Activity:
Starting at the first line of the listing below, repeat each line exactly until you have repeated the one containing "Braided 5 Strand"; skip the pictures.

(Supplied data)

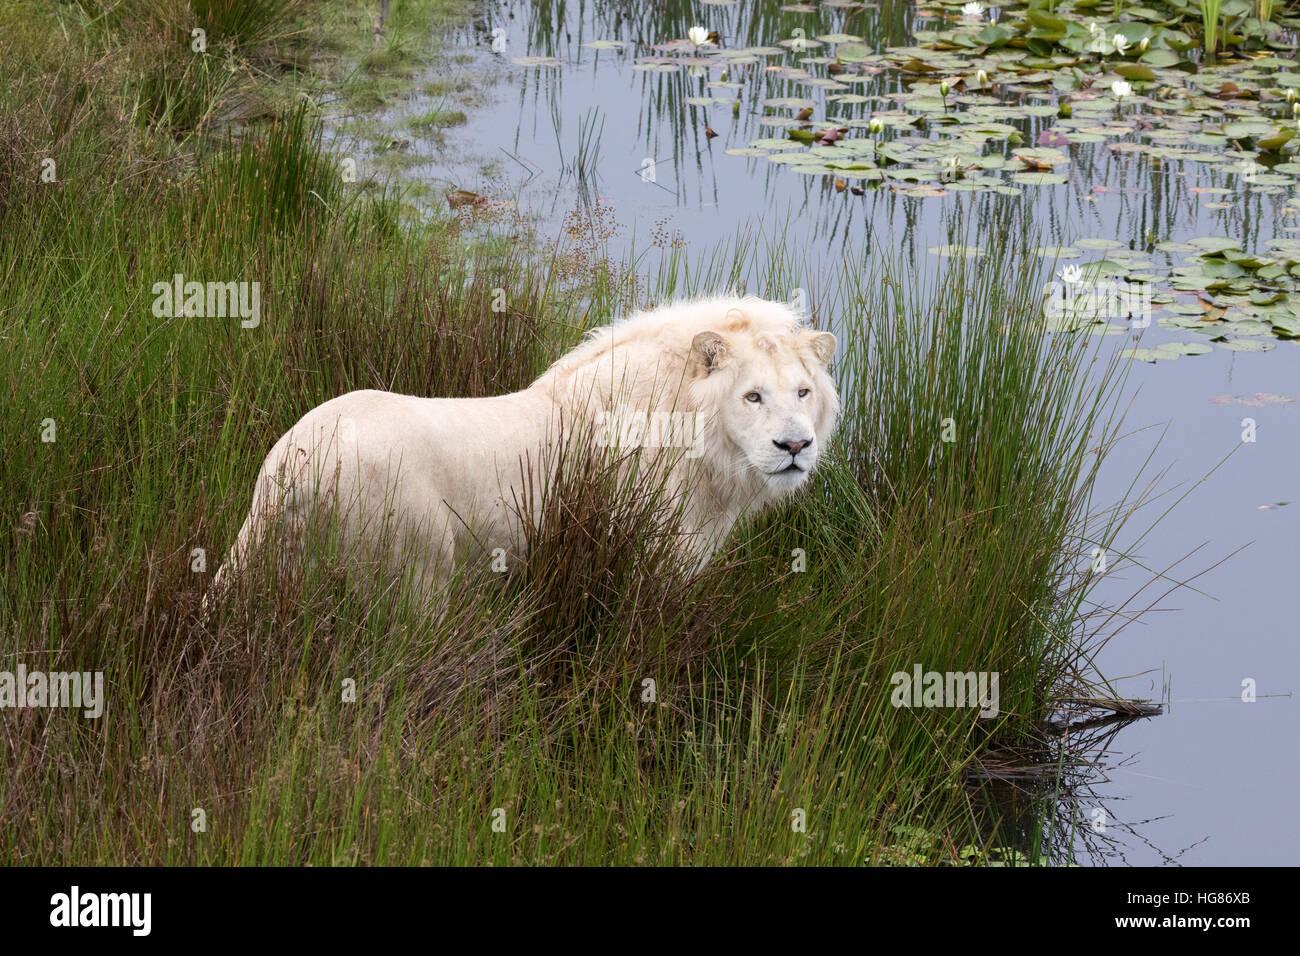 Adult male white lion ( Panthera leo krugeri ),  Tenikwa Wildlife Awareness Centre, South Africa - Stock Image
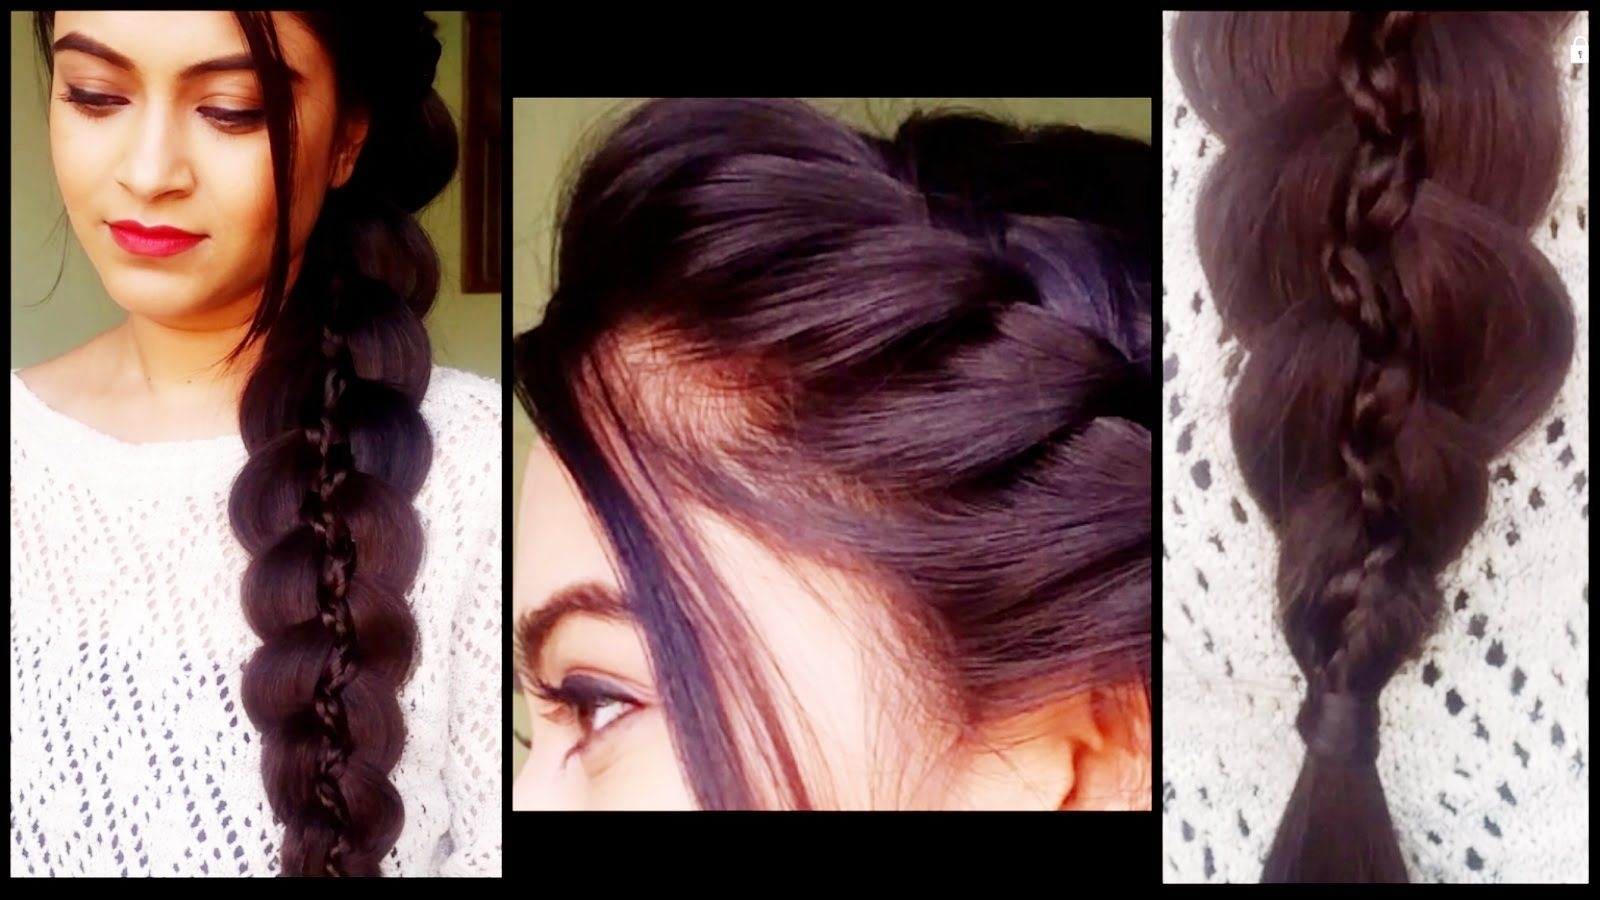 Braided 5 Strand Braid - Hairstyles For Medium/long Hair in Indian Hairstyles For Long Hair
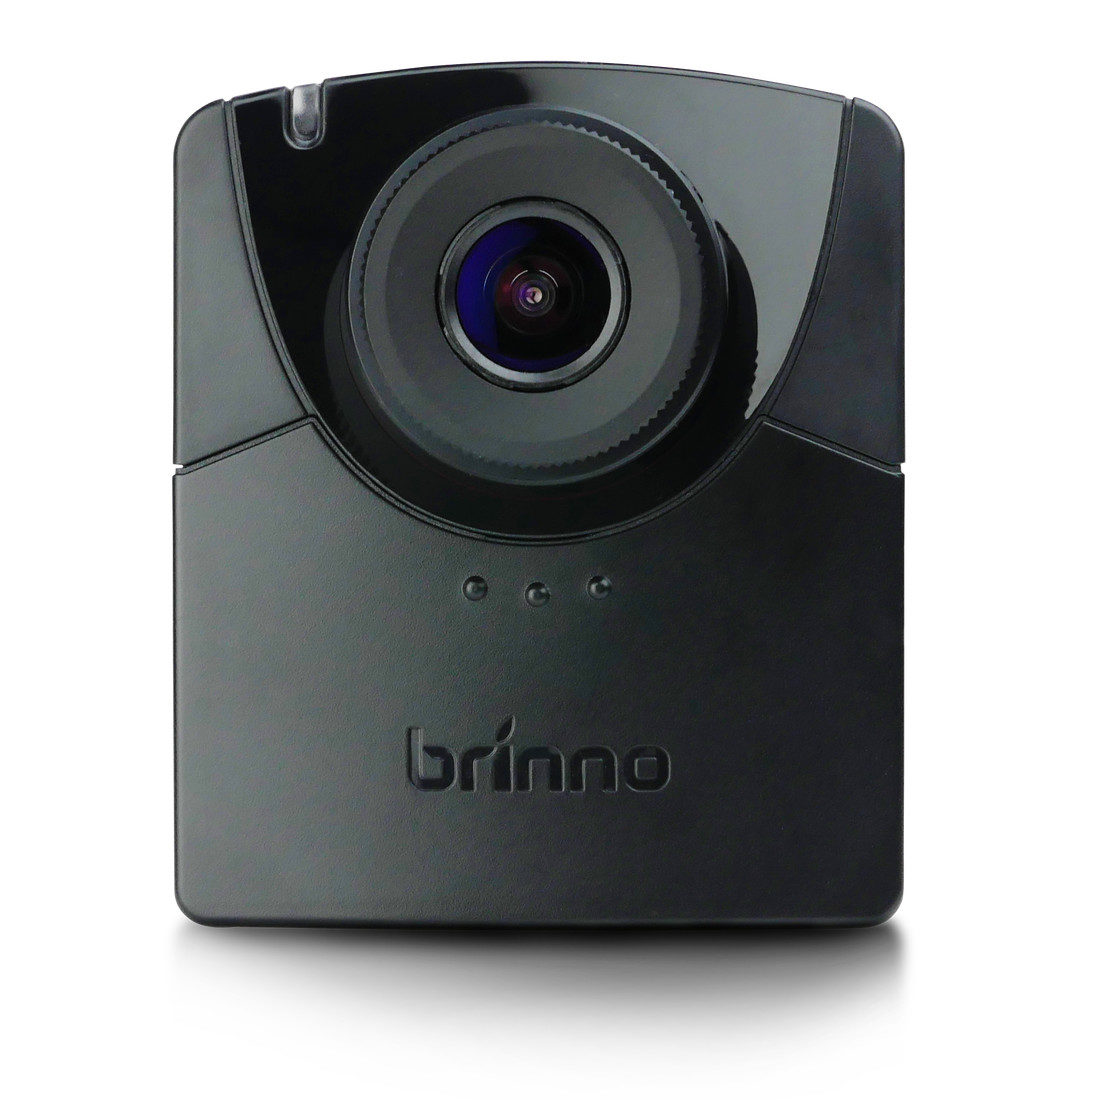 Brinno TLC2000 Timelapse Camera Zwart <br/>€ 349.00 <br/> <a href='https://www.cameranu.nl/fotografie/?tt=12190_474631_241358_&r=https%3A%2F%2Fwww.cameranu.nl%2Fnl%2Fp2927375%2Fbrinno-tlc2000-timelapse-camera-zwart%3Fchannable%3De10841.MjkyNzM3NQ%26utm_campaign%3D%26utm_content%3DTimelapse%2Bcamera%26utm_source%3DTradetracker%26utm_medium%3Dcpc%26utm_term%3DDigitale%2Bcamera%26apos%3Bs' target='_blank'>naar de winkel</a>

(End Supplied data)

Response to this task:
 Adult male white lion ( Panthera leo krugeri ),  Tenikwa Wildlife Awareness Centre, South Africa - Stock Image
 Braided 5 Strand Braid - Hairstyles For Medium/long Hair in Indian Hairstyles For Long Hair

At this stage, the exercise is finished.